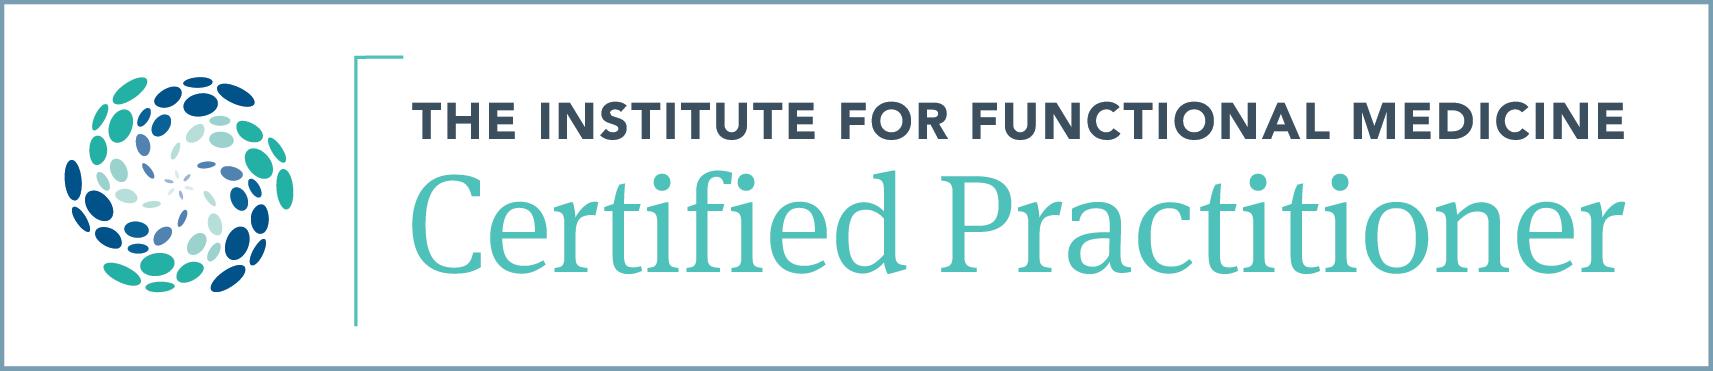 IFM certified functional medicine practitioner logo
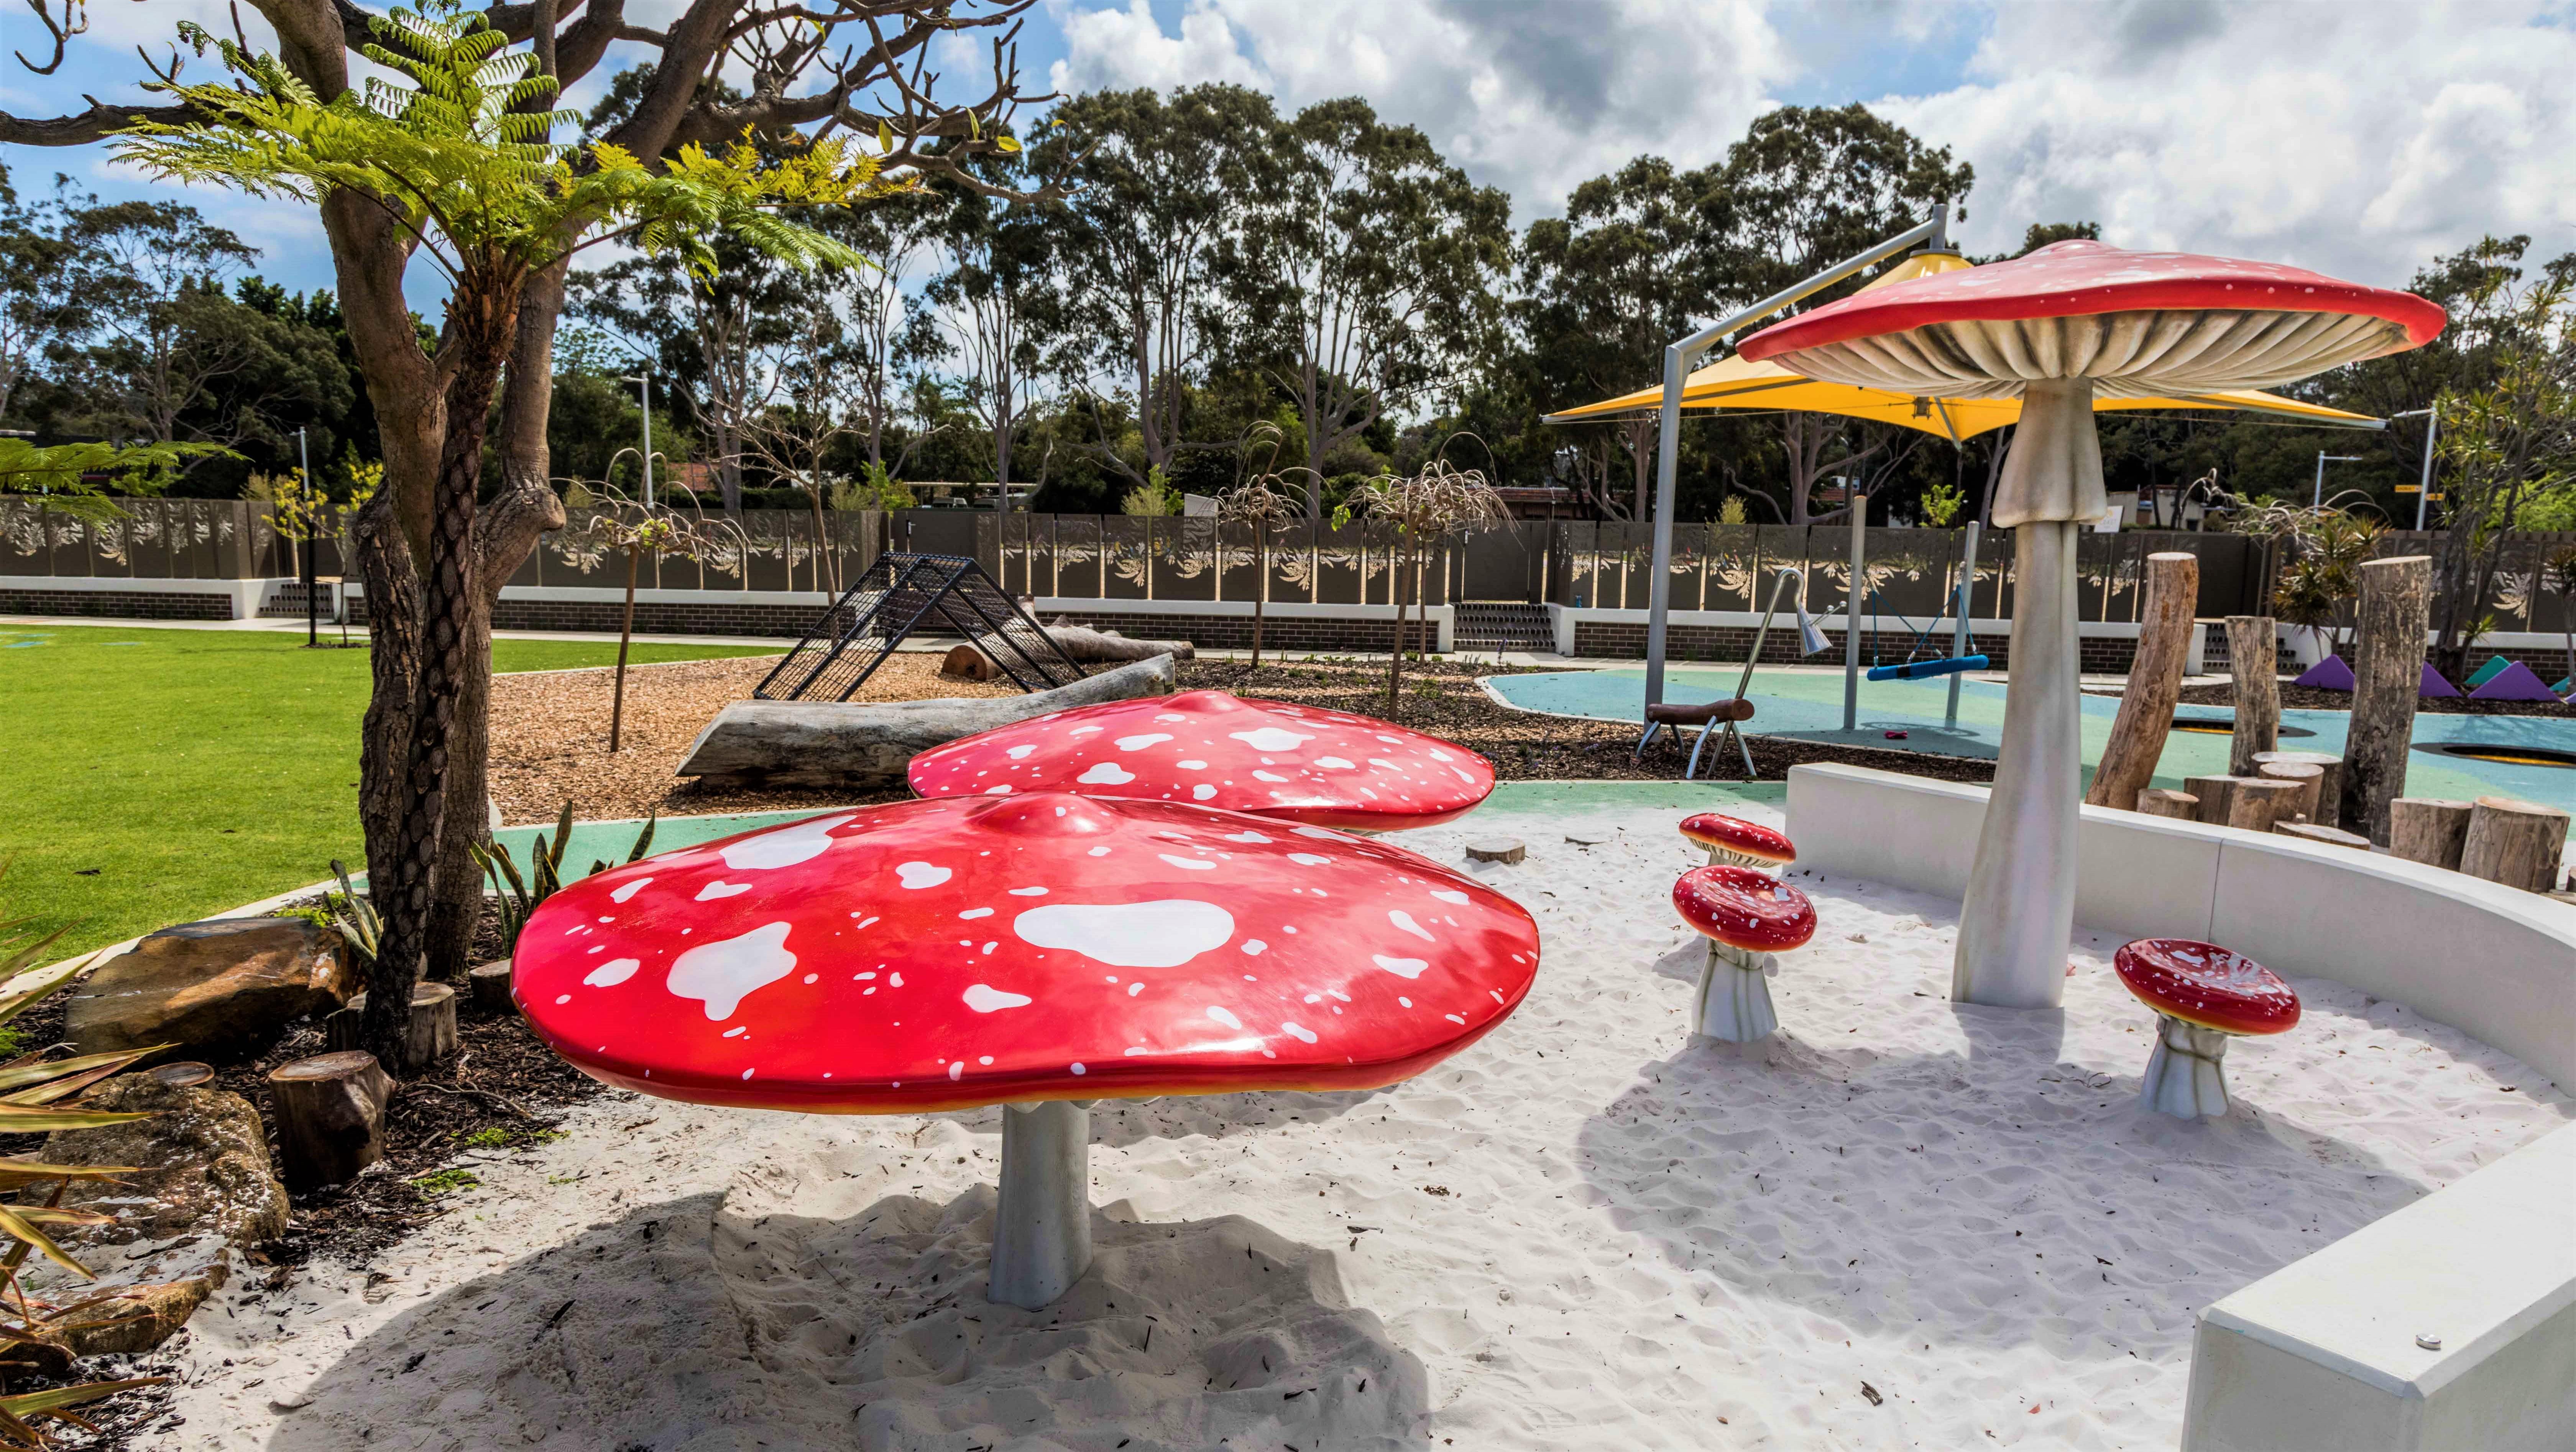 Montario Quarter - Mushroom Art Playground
==
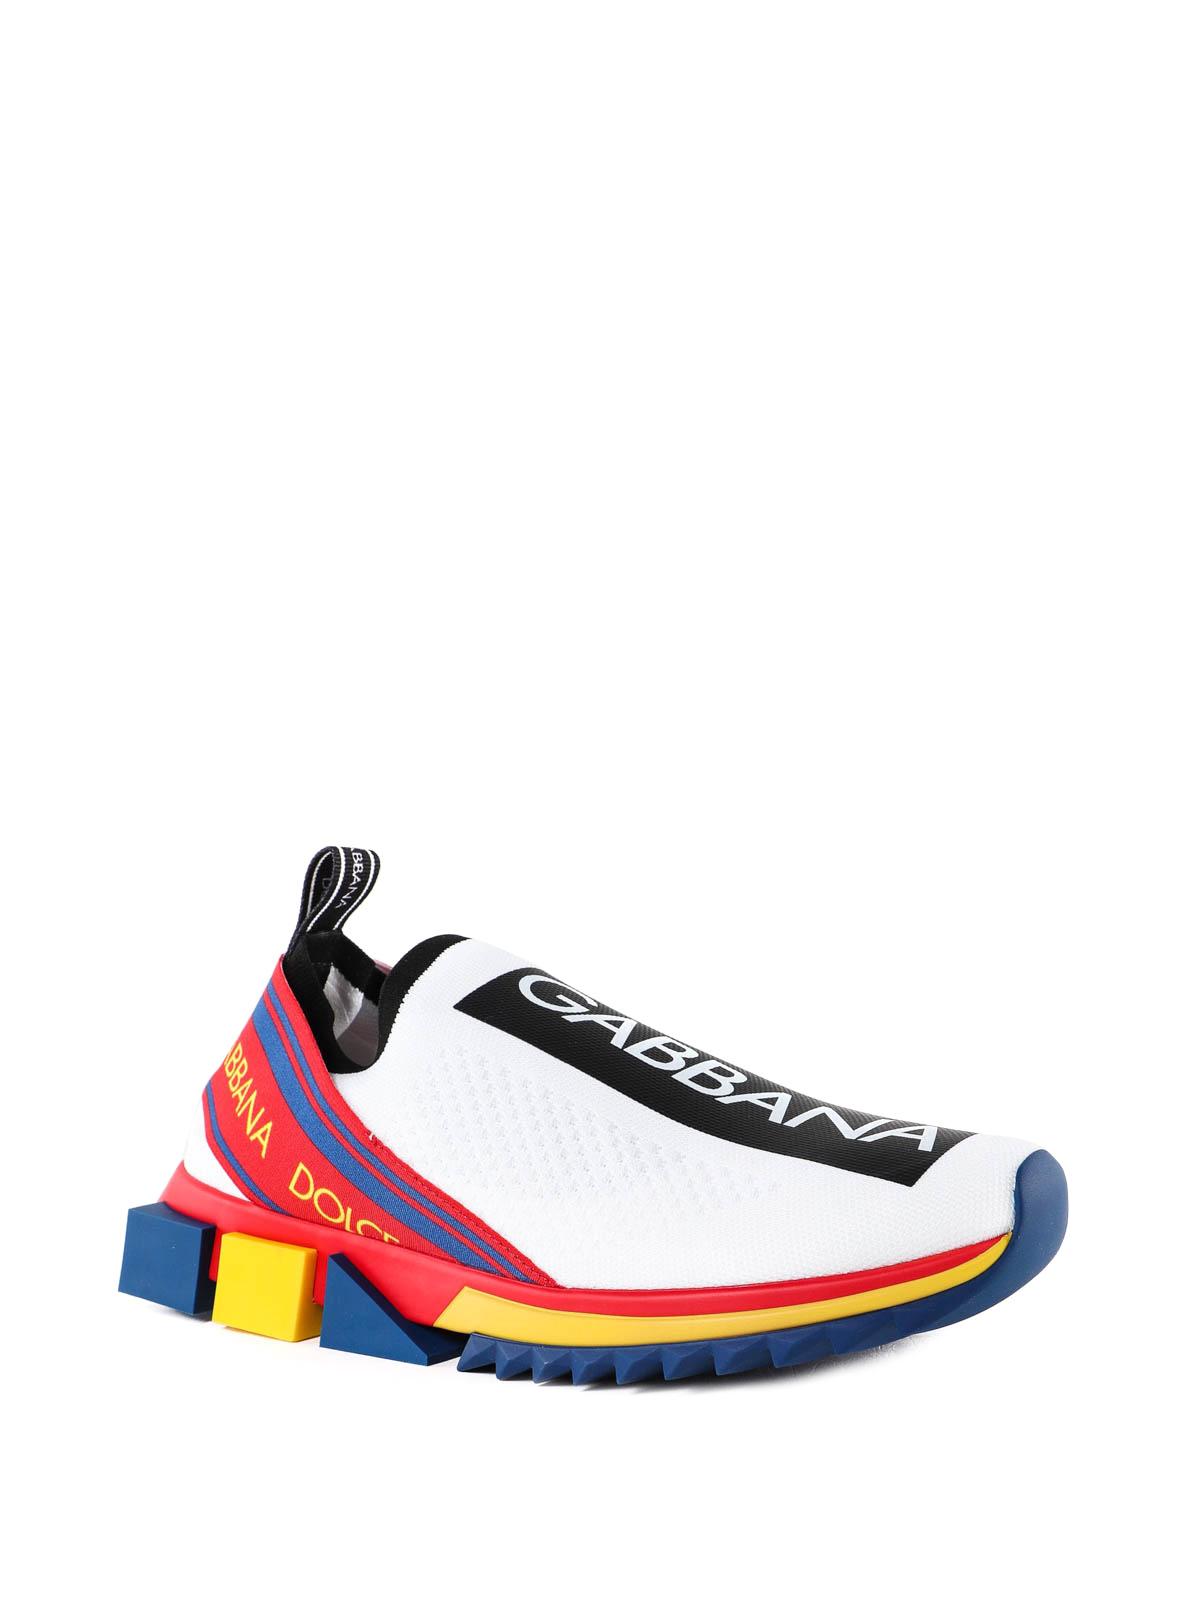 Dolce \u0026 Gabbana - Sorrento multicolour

What is needed>
Your task is to copy only the lines above starting at the one containing "IFM certified functional" and ending at the one containing "Montario Quarter - Mushroom Art Playground". Copy them exactly, both ends included, and omit the pictures.

Answer box>
 IFM certified functional medicine practitioner logo
 Montario Quarter - Mushroom Art Playground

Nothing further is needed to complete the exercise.